Приловчился как-то он рыбалить на Долгом озере.  Мокроты кругом – куда взгляд не кинь.  А сподобилось это вот – лесное, лебединое, по прозвищу «Долгое»; до которого добираться летом, день убить; в зиму-то скорее, конечно.  В те времена рыбаков в деревне раз два и обчёлся – больно уж занятие зыбкое, да и конь такой не у всякого, - так что души живой не чуял неделями, сам с собой разговаривал.  По весне шалаш ракитовый сплел, к холодам землянку изладил, печь оборудовал.  Глину, каменья чёрти откуда свозил.  Очень уж превосходно всё вышло.  К зиме и собеседник к нему объявился – ворон черный.  Ворон – птица разумная, самая из всех осторожная;  много чудес про него молва людская несёт. А этот прилетел как-то, облюбовал себе ель над землянкой, посреди берёзок единственную, и хозяином каркает; на рыбака Григория свысока поглядывает.  Отлучится по вороньим своим делам и опять на еловую лапу.  Спросит у него Григорий: дескать, что на свете белом твориться, что за весть принес? А ворон «кар-р-р, кар-р-р!» в ответ – громко так, так что эхо по лесу разносится.  Смыслу для Григория в этом так себе – ничего не понять, зато радость особая; теплей вроде станет, что не один; оттого что ворон, птица важная, с ним, простым рыбаком, секретами делится.  Всю зиму они как товарищи.  А приехал однажды - нет ворона.  И не дождался более.  Глупость, конечно, но тоскливость охватила Григория, будто кого из родни потерял.  Долго еще на еловую лапу поглядывал. 

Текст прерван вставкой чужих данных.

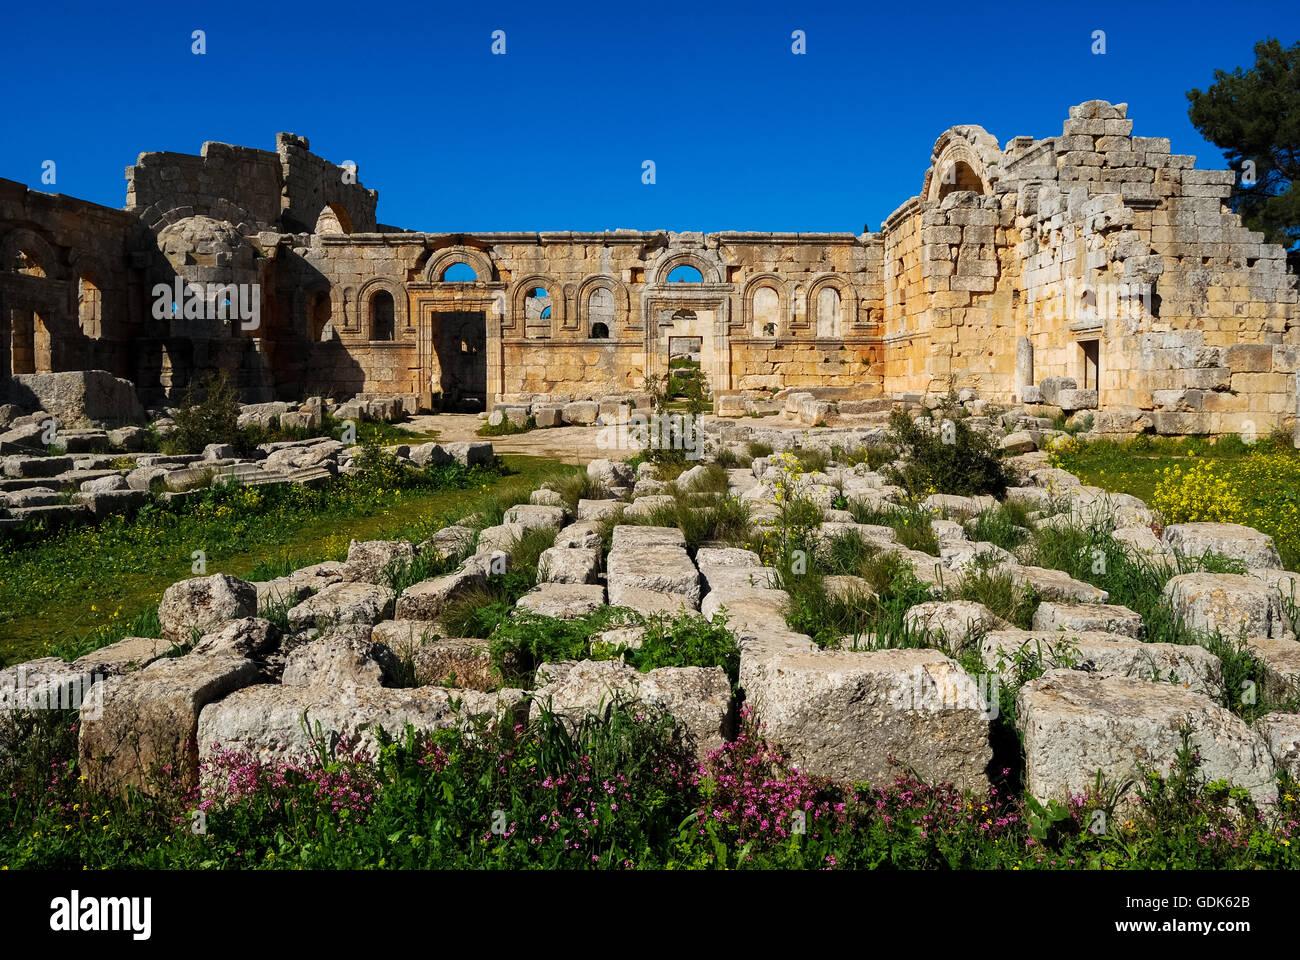 Church of Saint Simeon Stylites, northwest of Aleppo, Syria, Middle East. Stock Photo
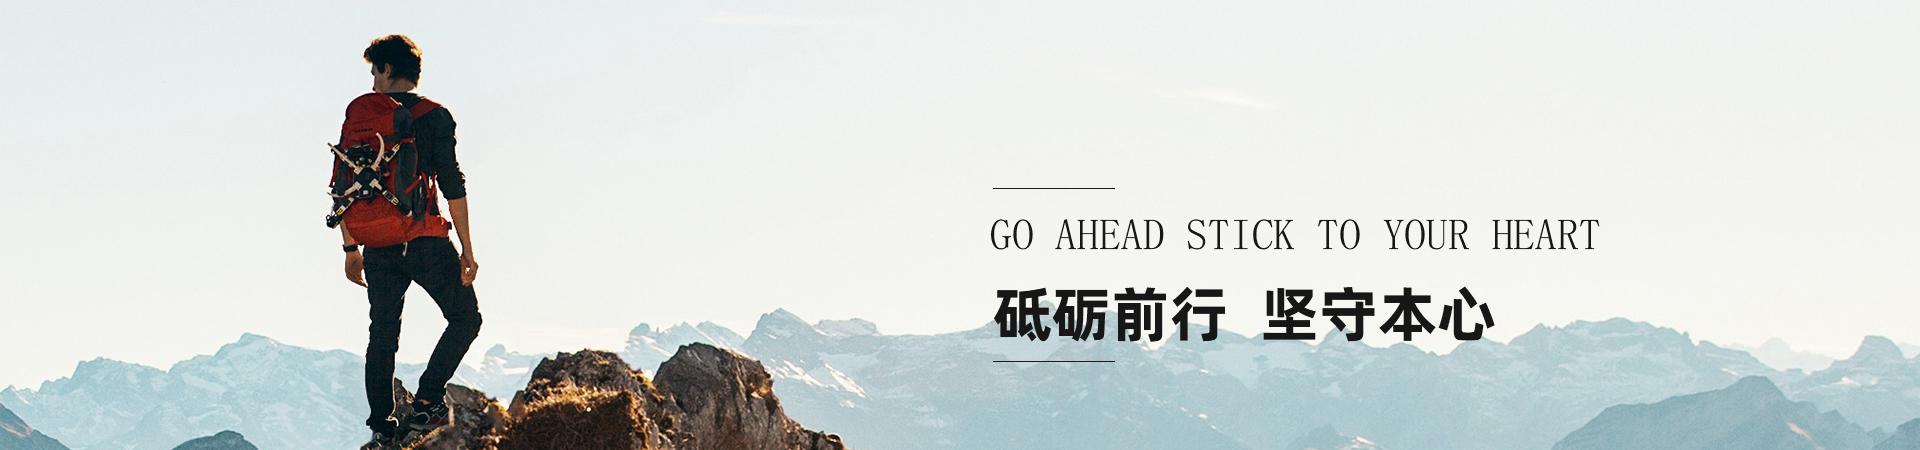 http://www.tianyuhb.cn/data/upload/201910/20191028195104_324.jpg

Вот что открывалось Пике из поднебесья.  Себя видел и ворона; как рыбину для птицы к ветке притягивал.  Слышал из поднебесья, как эхо по верхушкам деревьев разносится: «Кар-р-р, кар-р-р!..», - яснее даже слышал, чем тогда, пока не оглох.  Крылья лебединые на зорях слышал: ни с чем их не спутать, словно песню поют надрывную; к ней за жизнь не привыкнуть; от неё мурашки по коже: не то - от тревоги сладкой, не то - от одной только сладости.  А еще видел сети полные.  Скользит лодочка  по тихой воде, наплавки берестяные играют, подёргиваются.  Приподымет Пика веслом поводок, любуется.  Искрятся караси на солнышке;  дальше щука запуталась – тычка ходуном ходит, - так и знай, сеть попортила.  Да какому ж рыбаку снасти в тягость чинить?  Выберет хищницу, достанет челнок, сети тут же поправит, - минутное дело, привычное дело.  Плеснет на глаза пахучей водой…  Хорошо!  Уберёт сидушку с бортов, на дно лодки растянется.  Благодать Божья…  Облачка чудные по небу синему вверх тормашками плавают; лунь, орёл лесной, у берега щуку высматривает; от него чайки мечутся…  Глянет Пика на гладь широкую, вдохнет глубоко воздухом надозерным – опьянеет!  Выдыхать не хочется, шевельнуться не хочется.  Вот он, рай-то земной!    Да рази ж придумать человеку - хоть долю - от порядка такого желанного?!

- Шумел, гремел пожар Московский… 
Вечер тихий Пикино творчество далёко несёт.  Соседи привыкли.  Улыбаются невестке понимающе.  Свекра её уважают: безвредный он, бесхитростный.  Ребятишки подсмеиваются, - незлобиво, однако, а по шкодливой только природе своей.  Что с них взять?  Для них семьдесят – самая уже распоследняя старость, а сто когда – Кощею, считают, ровесник, сказка значит, не очень то есть серьёзно.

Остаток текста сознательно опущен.